Really we need to remind ourselves that we CAN "feed ourselves without nutritionism." We had a food "culture" long before we ever had a food "science." Culture is routinely passed down through the generations (ex via grandma and mom) but science in this case undermined mom/culture. We need to relearn. So what do we do?!

---Eat Food. Not too Much. Mostly Plants.
--Make sure you recognize the ingredients in what you're eating. Give it the grandma (or great-great grandma test), would she recognize it?!
--Shop the perimeter in the grocery store.
--Don't eat foods that make health claims or that advertise on TV.
--Eat meals with people. (Healthier families are those that cook and eat together.)
--Remember the meal as a sacred institution.
--Eat til you are 80% full. (Language difference: we ask if we're full, other countries/languages ask if one is satisfied or no longer hungry.)
--Put your money where your mouth is. (By buying local, basic foods we promote agriculture change, funding, and regulation. Diverse diet leads to diversified growing (rather than monocultures), which decreases pesticide, water, and fossil fuel usage. For every calorie based on the industrial food model (monoculture), 10 calories are spent on oil/fossil fuel for energy. Industrial food=fossil fuel. Local food increases the experience of community.)

What's best for our health is also what's best of agriculture.

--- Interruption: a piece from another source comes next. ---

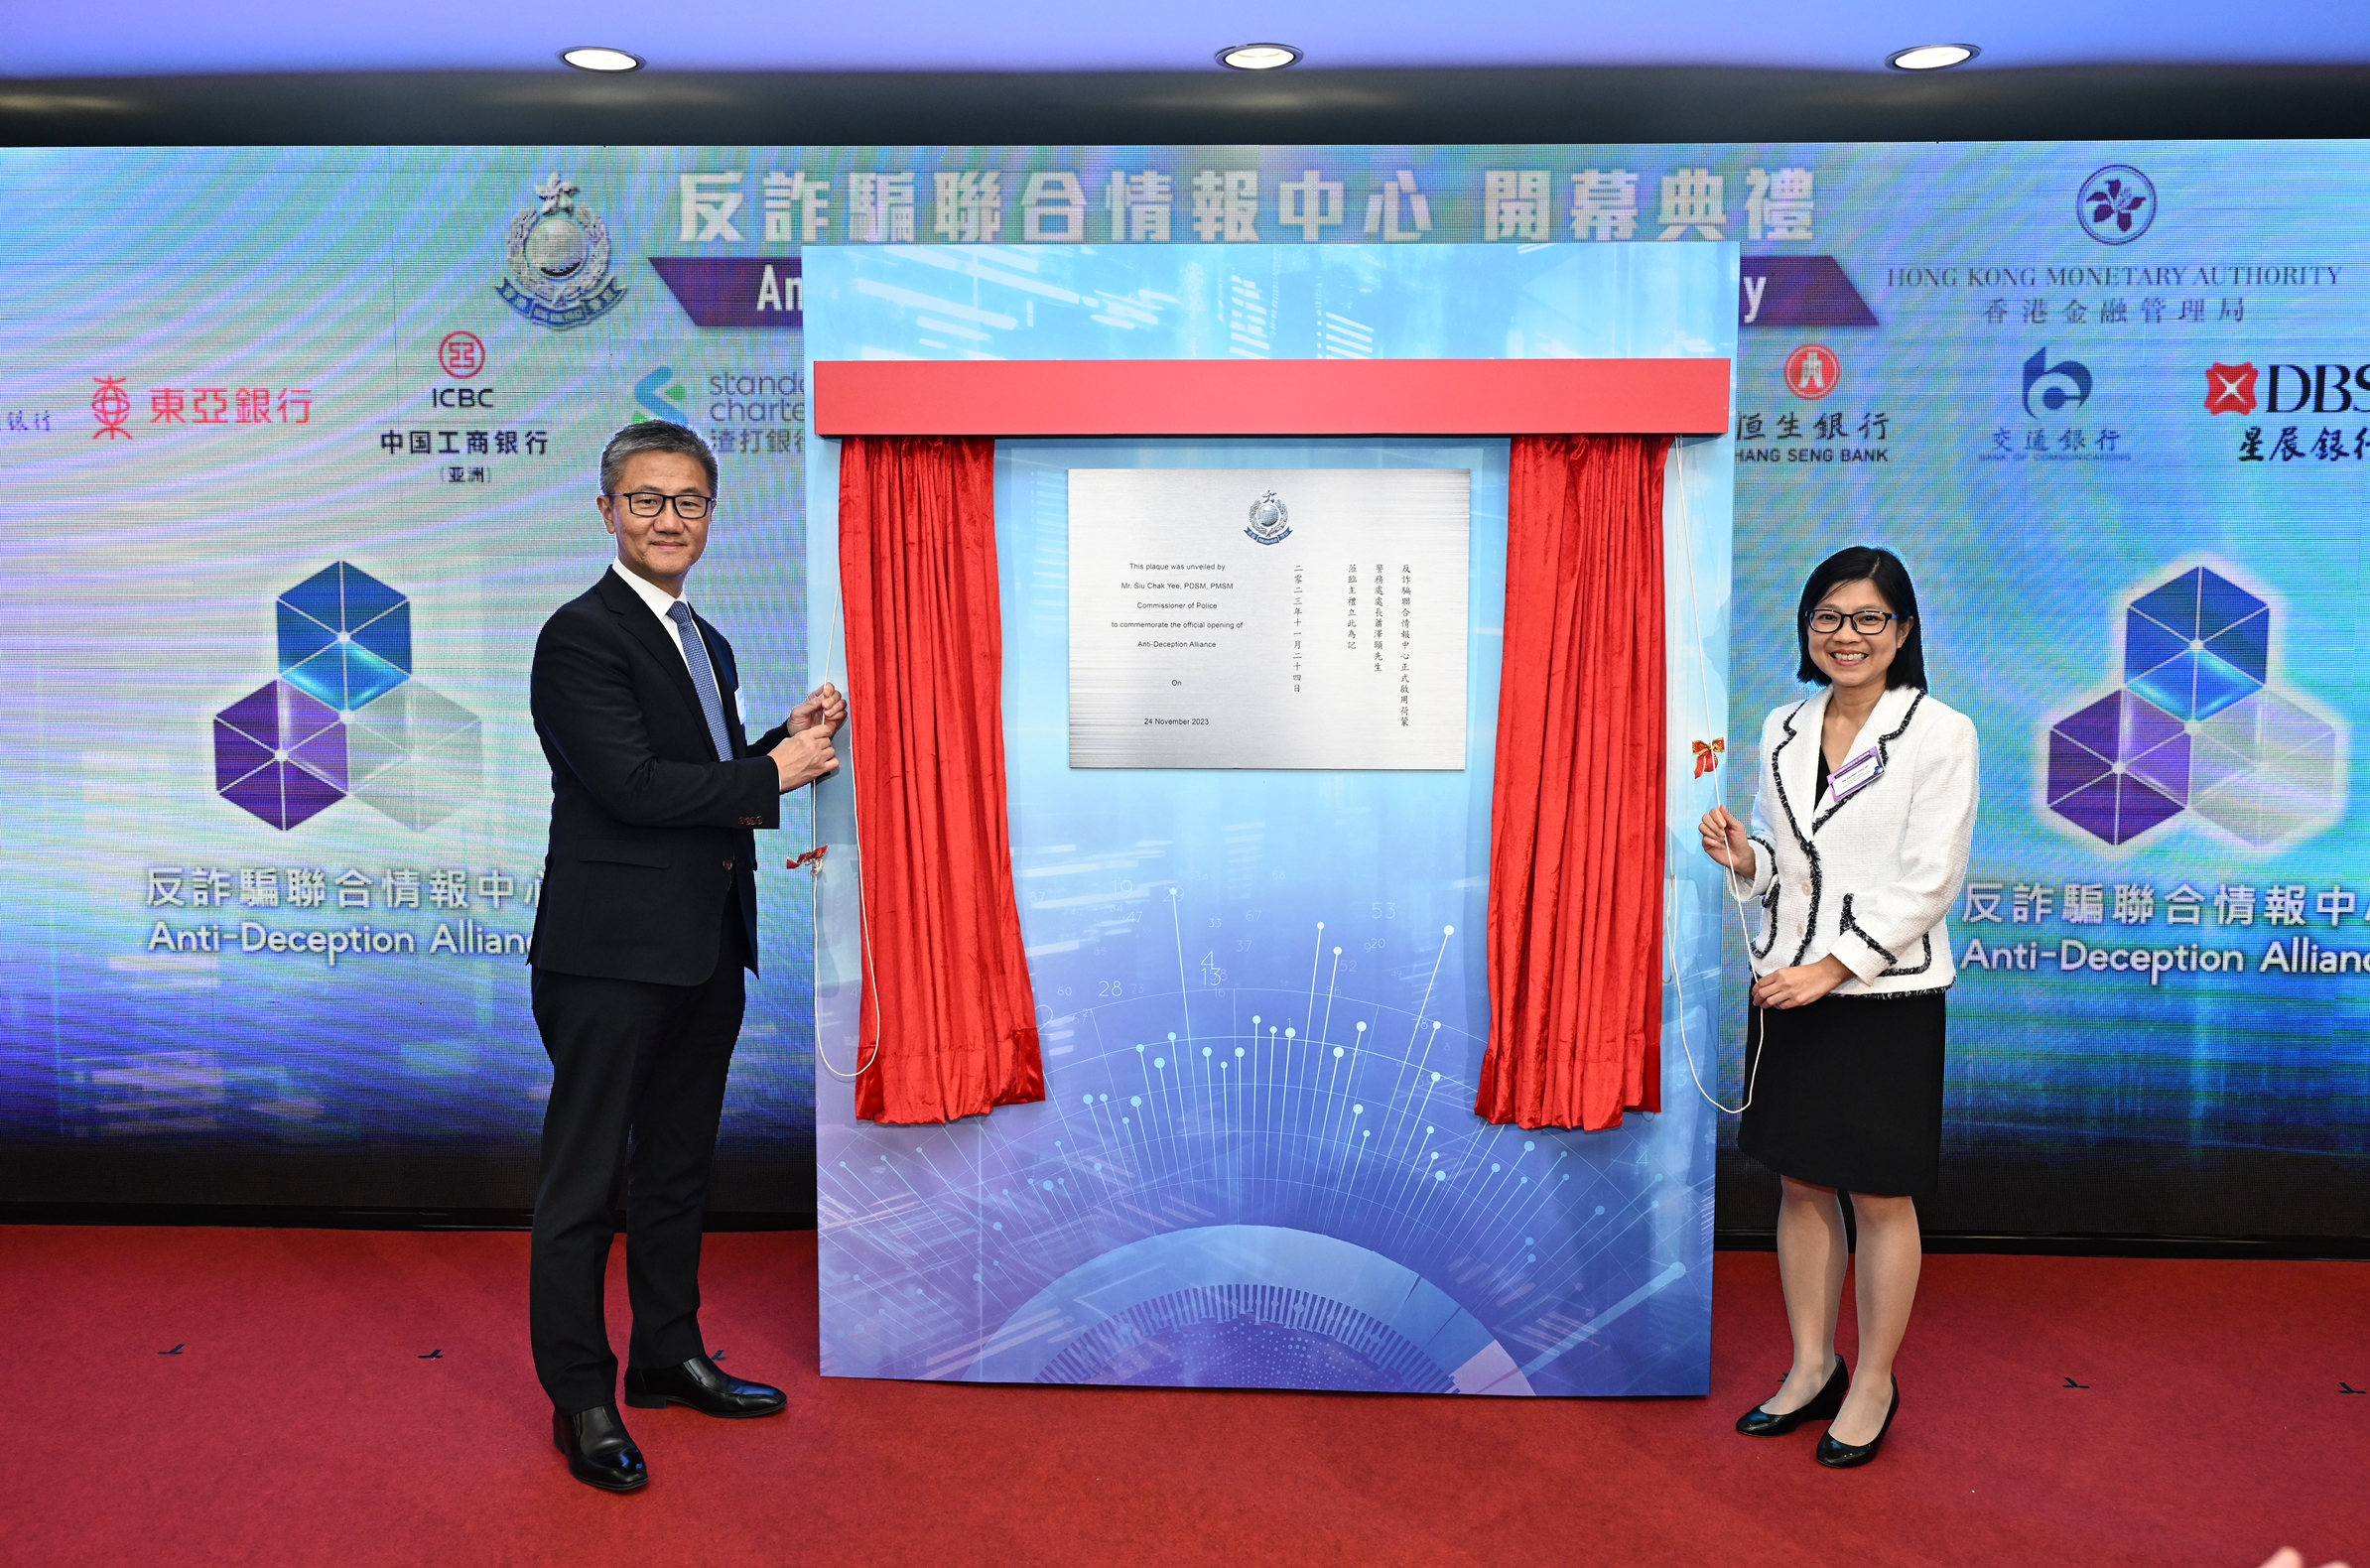 Ms Carmen Chu, Executive Director (Enforcement and AML) of the Hong Kong Monetary Authority (right) and Mr Raymond Siu Chak-yee, Commissioner of Police (left) unveil the plaque of Anti-Deception Alliance.

Definitely some food for thought....if you have never read any of Pollan's works, I encourage you to do so--always insightful.

3 comments:

The 4 Bushel Farmgal said...

How lucky you are to have attended his talk! And thank you for sharing this with us. I've read some of his work and heard him in clips/interviews online, and appreciate his values.
It is sad that these packaged and processed items are thought of as "food", and when a "toaster pastry" is given to children for breakfast instead of an egg and toast. Unfortunately, in time we will see the effects of today's diet in their health as adults.
The "nutritionism" concept is fascinating, and that folks are blind to what they are really being sold. Thanks again for taking notes, so those of us who wouldn't normally hear his talk can gain more insight into his works.

Eco Yogini said...

wow what a fabulous summary and post- thank you! it would be uber interesting to hear him speak...

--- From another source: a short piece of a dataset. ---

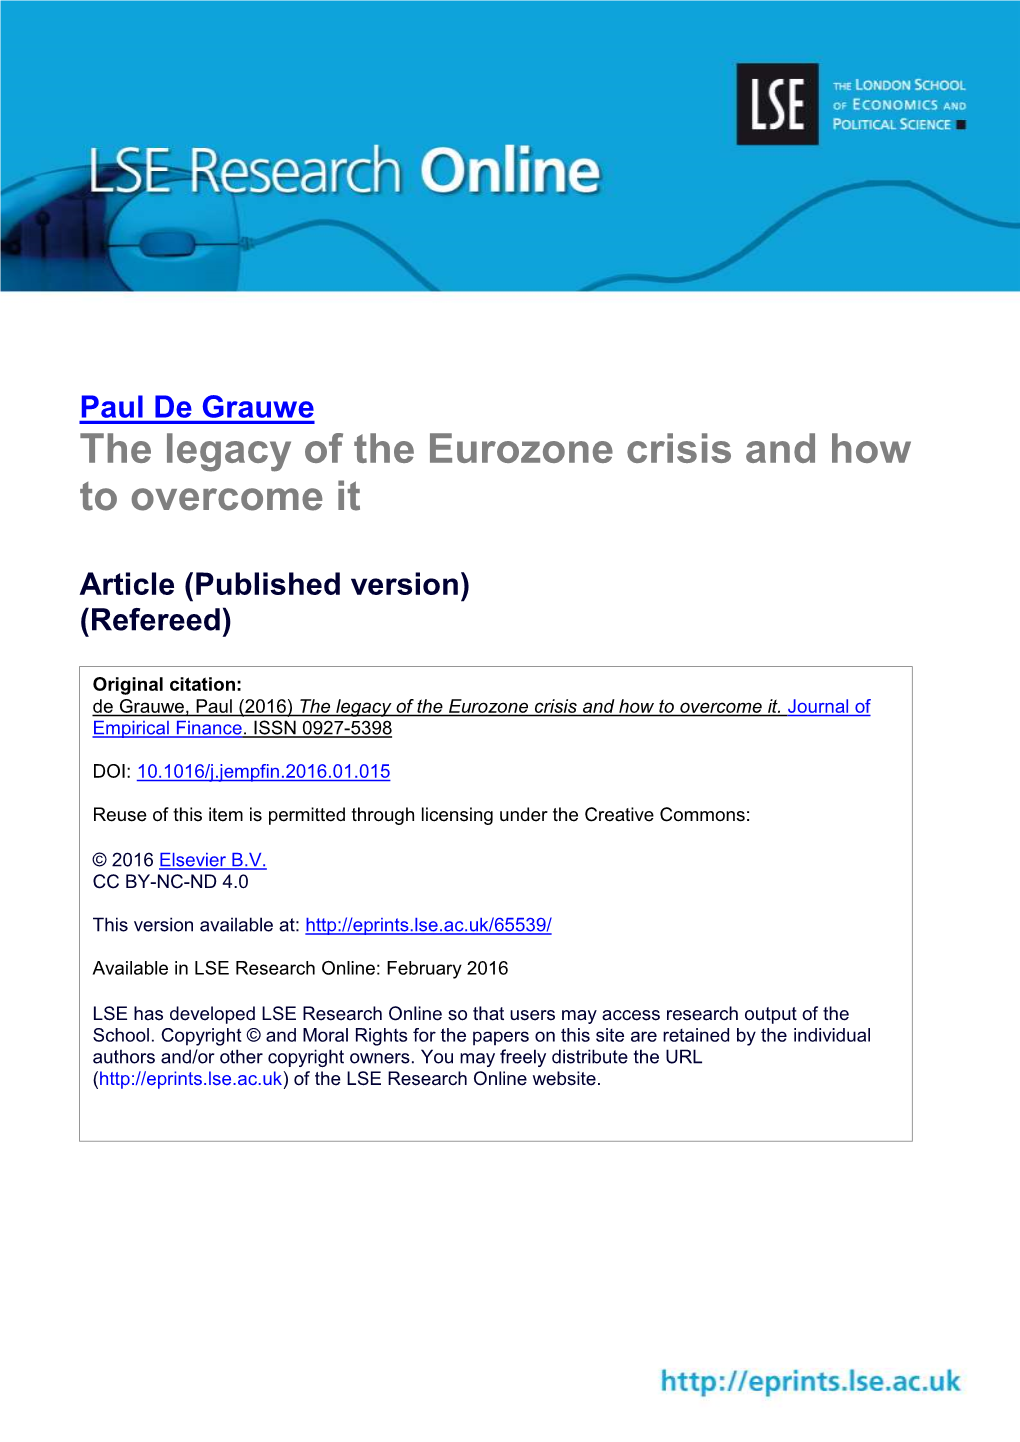 The Legacy of the Eurozone Crisis and How to Overcome It

Andrew and I are making some progress, I'm really hoping to grow some of my own stuff on the roof of our apartment building this summer- just not sure when to spend the money, and how.

Great post :)

Simply Authentic said...

Glad you both enjoyed it--felt sort of funny taking notes at times, but it definitely improved my retention! ;) 4 Bushel, definitely agree that it's going to be difficult to watch more of the negative health effects continue to surface in the current & future generations. Eco, love that you're going to use the roof--post pictures!